++++ Exercise data
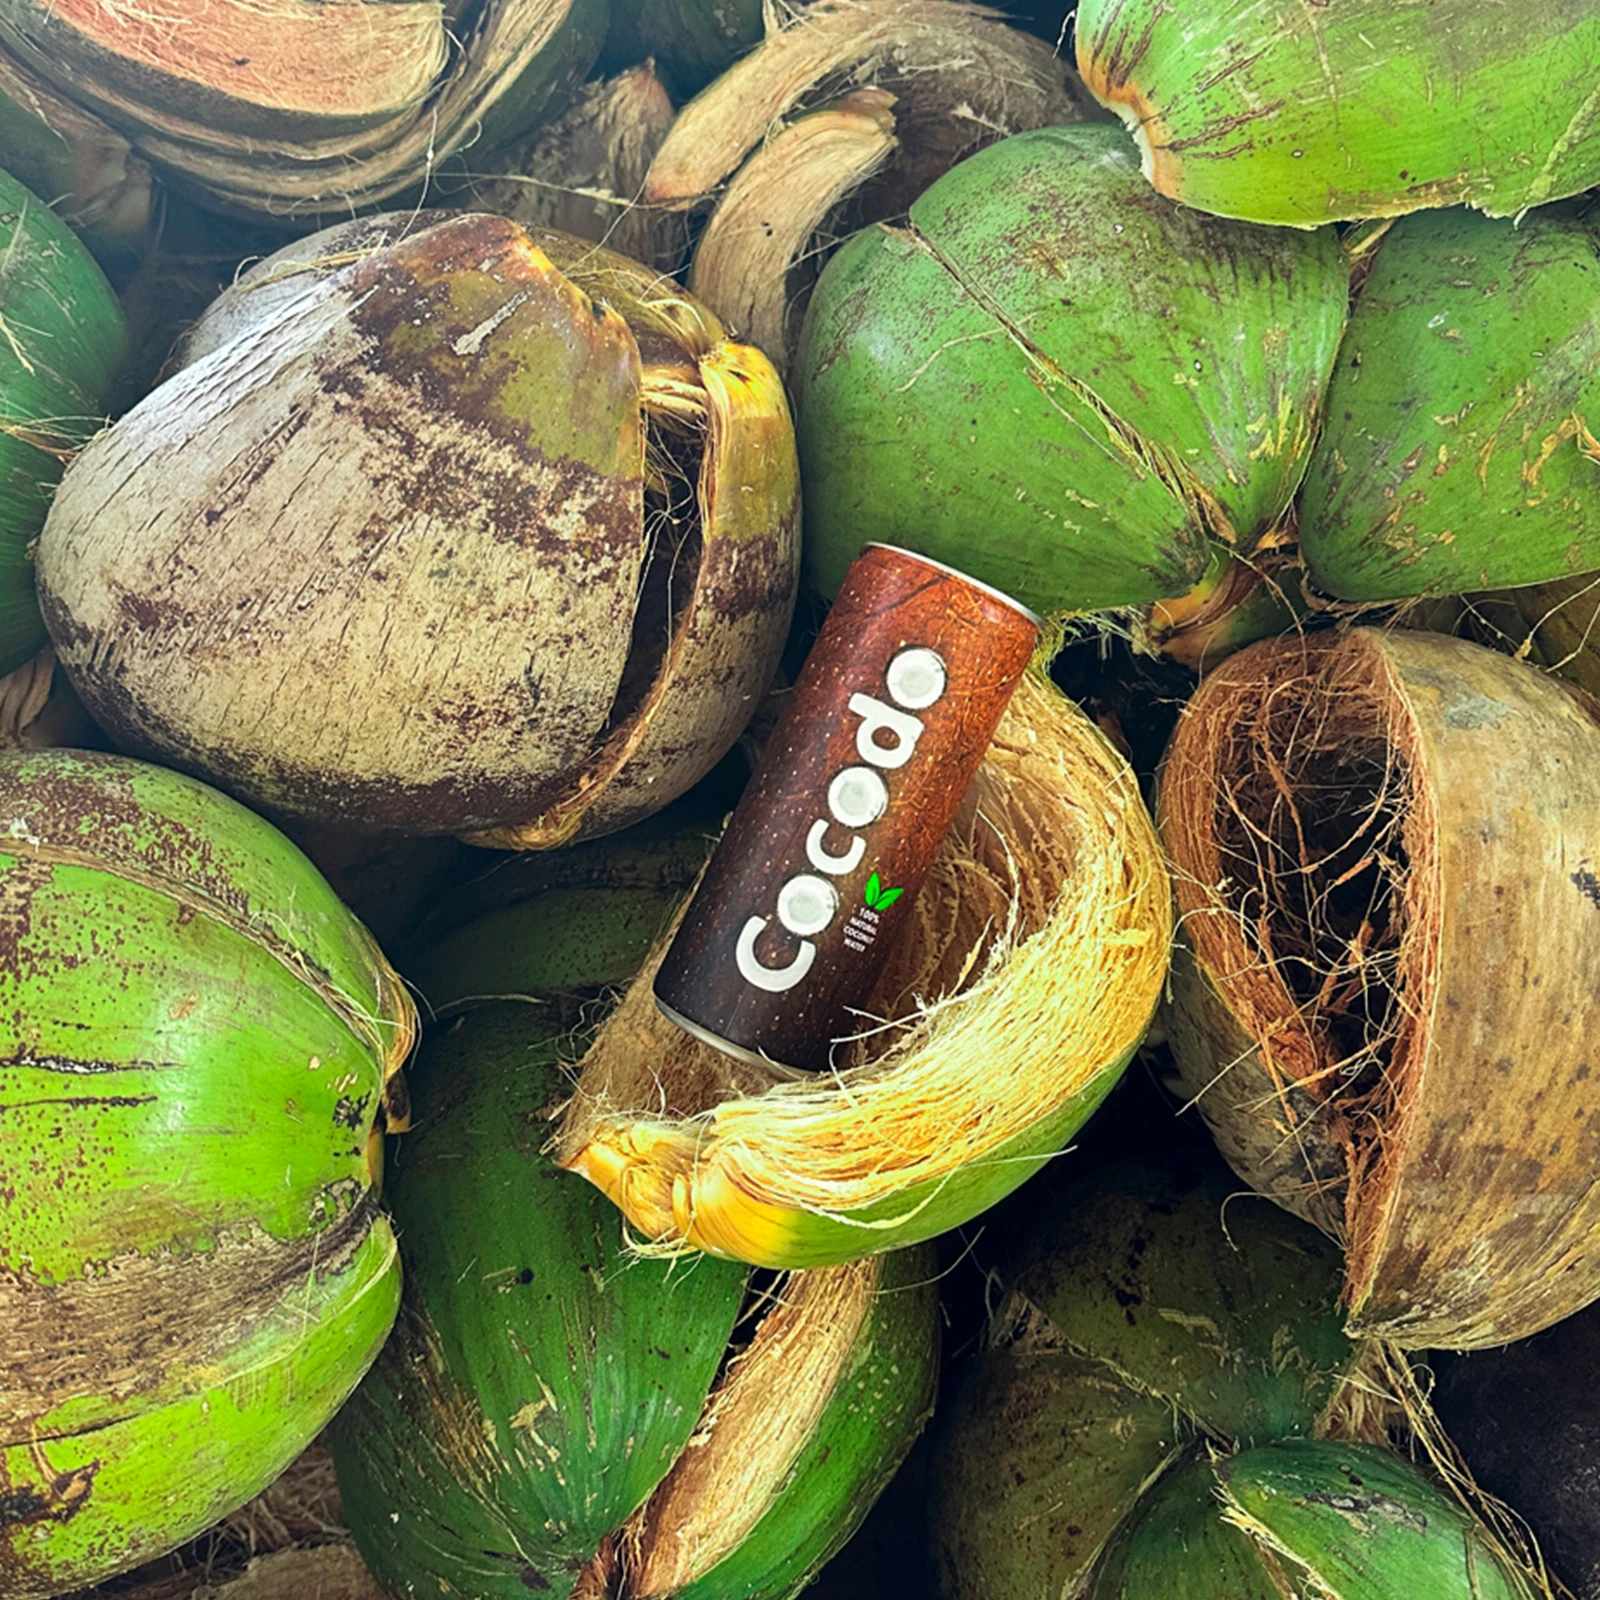 Cocodo - 100% Natürliches Kokosnusswasser | Kalorienarm, Frisch & Zusatzstofffrei 5
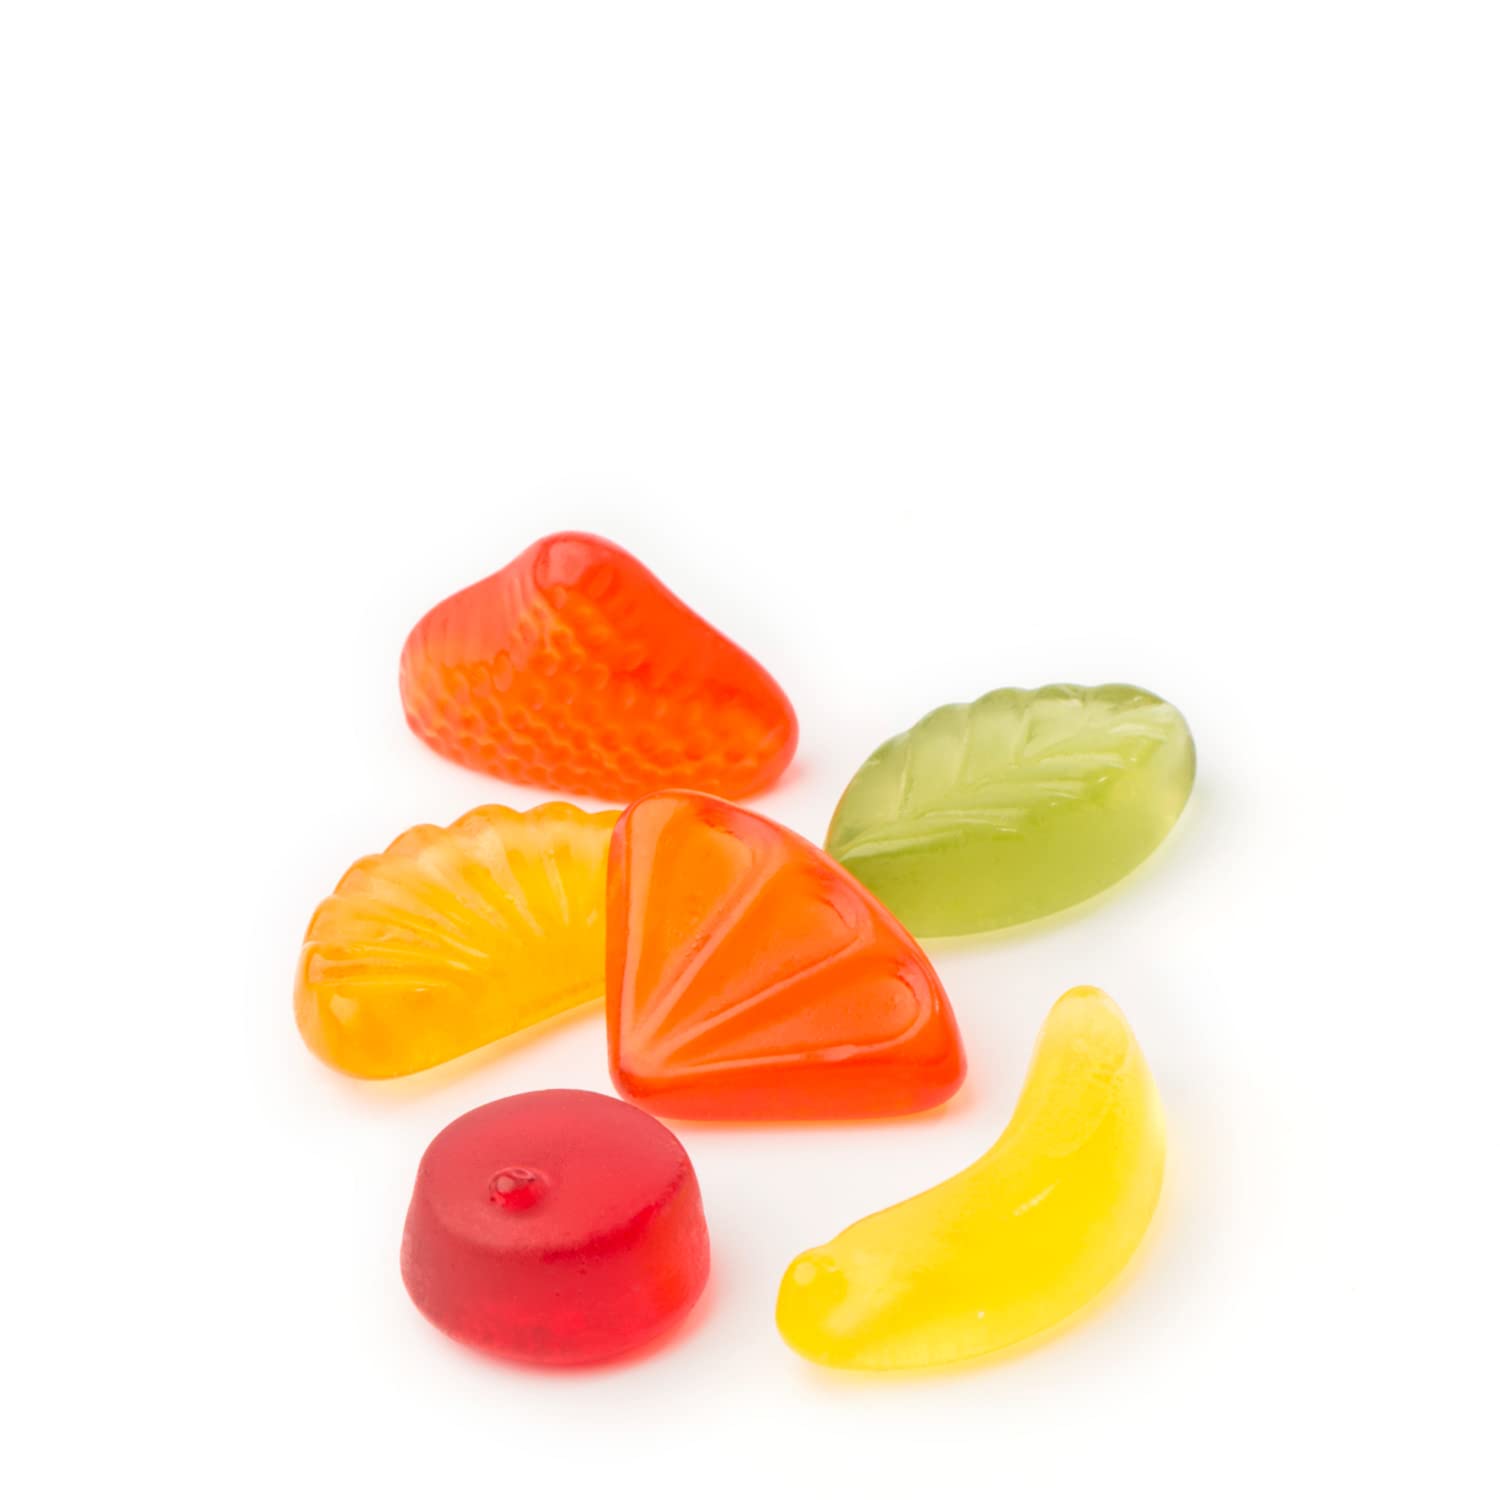 nimm2 Lachgummi – 1 x 376g Maxi Pack – Fruchtgummi mit Fruchtsaft und Vitaminen 
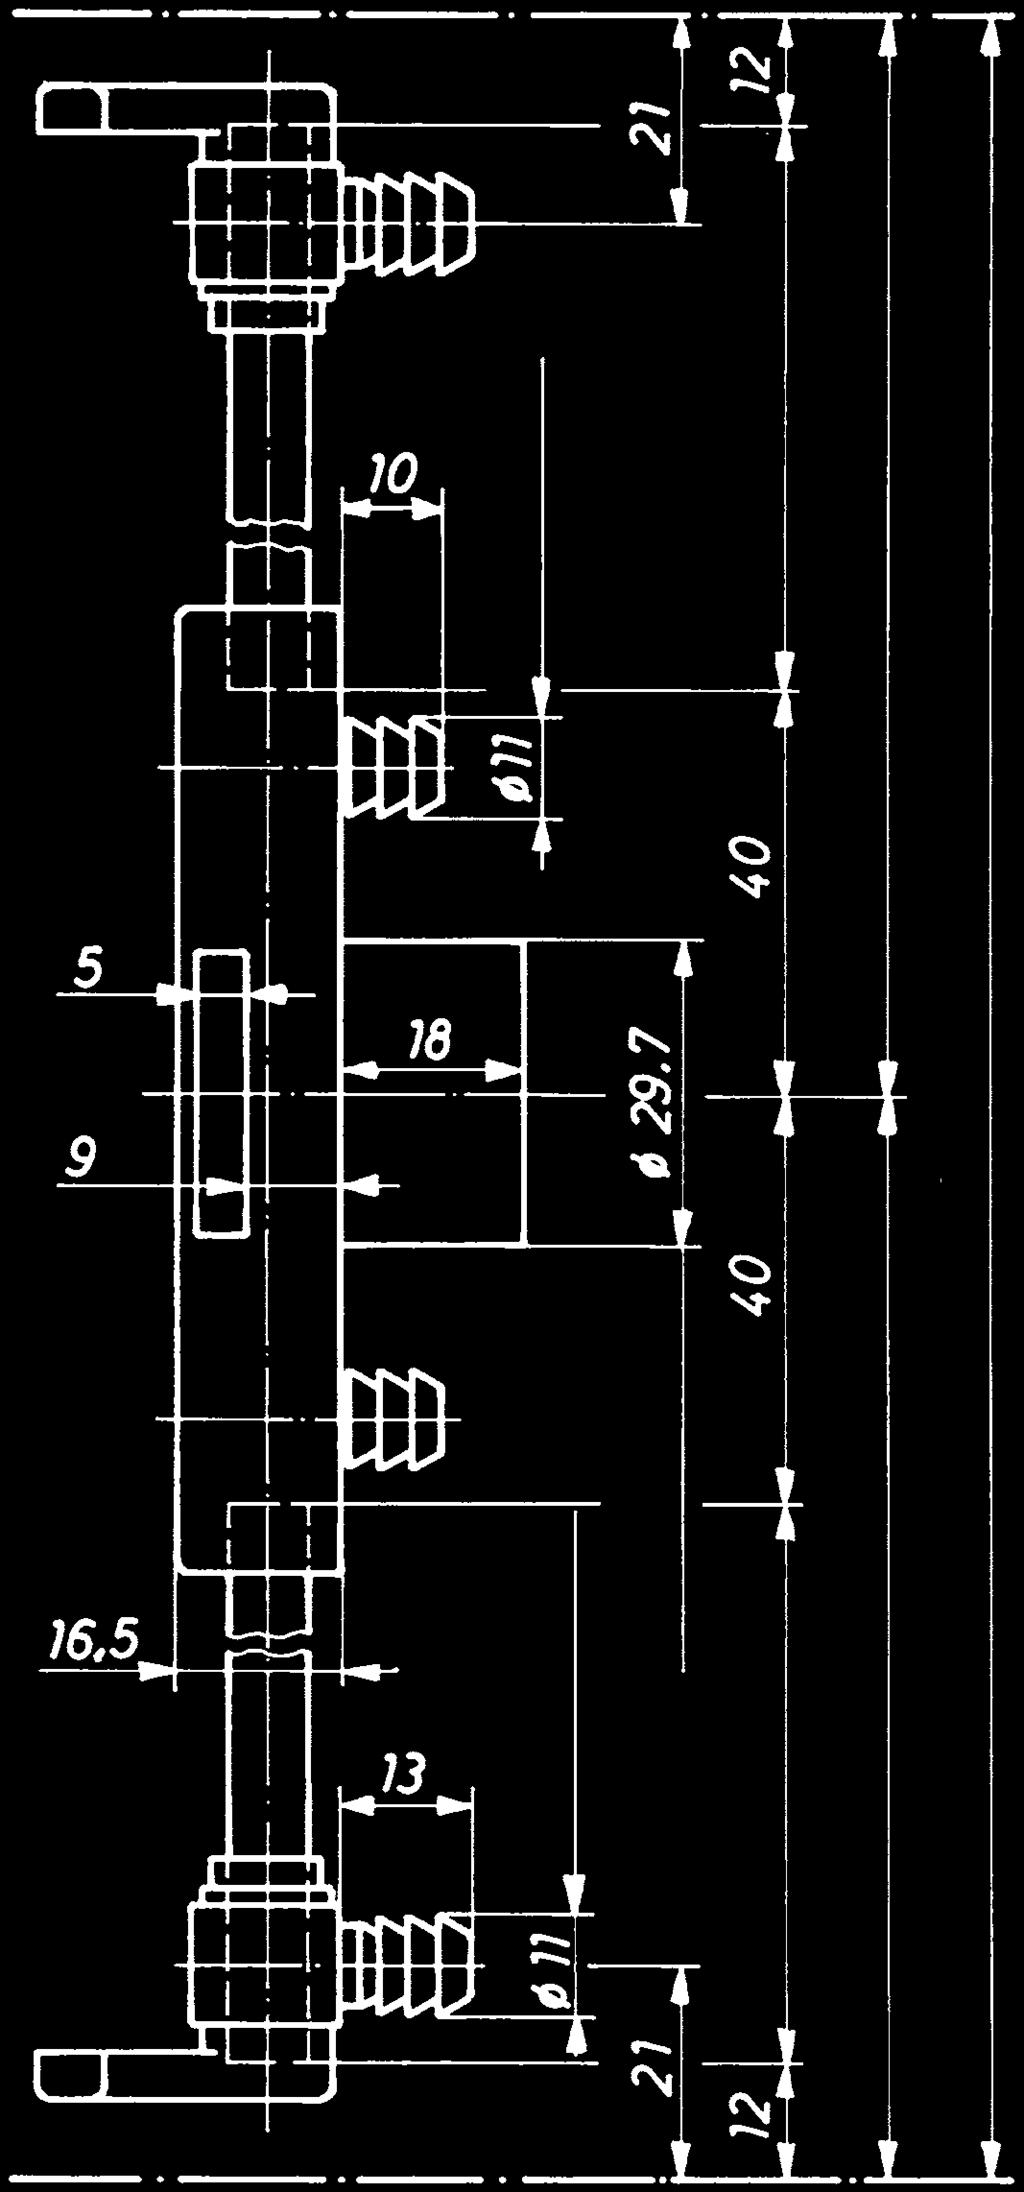 System-Drehstangenschloß 3092 OBJEKT-TOP, zum Dübeln, Stange geteilt, Schloßkasten aus Stahl, 1,5 mm stark, vernickelt.
++++++++
• _Required action_
Restate the material above word for word, so that nothing changes except that the pictures are gone.

• _Written response_
 Cocodo - 100% Natürliches Kokosnusswasser | Kalorienarm, Frisch & Zusatzstofffrei 5
 nimm2 Lachgummi – 1 x 376g Maxi Pack – Fruchtgummi mit Fruchtsaft und Vitaminen 
 System-Drehstangenschloß 3092 OBJEKT-TOP, zum Dübeln, Stange geteilt, Schloßkasten aus Stahl, 1,5 mm stark, vernickelt.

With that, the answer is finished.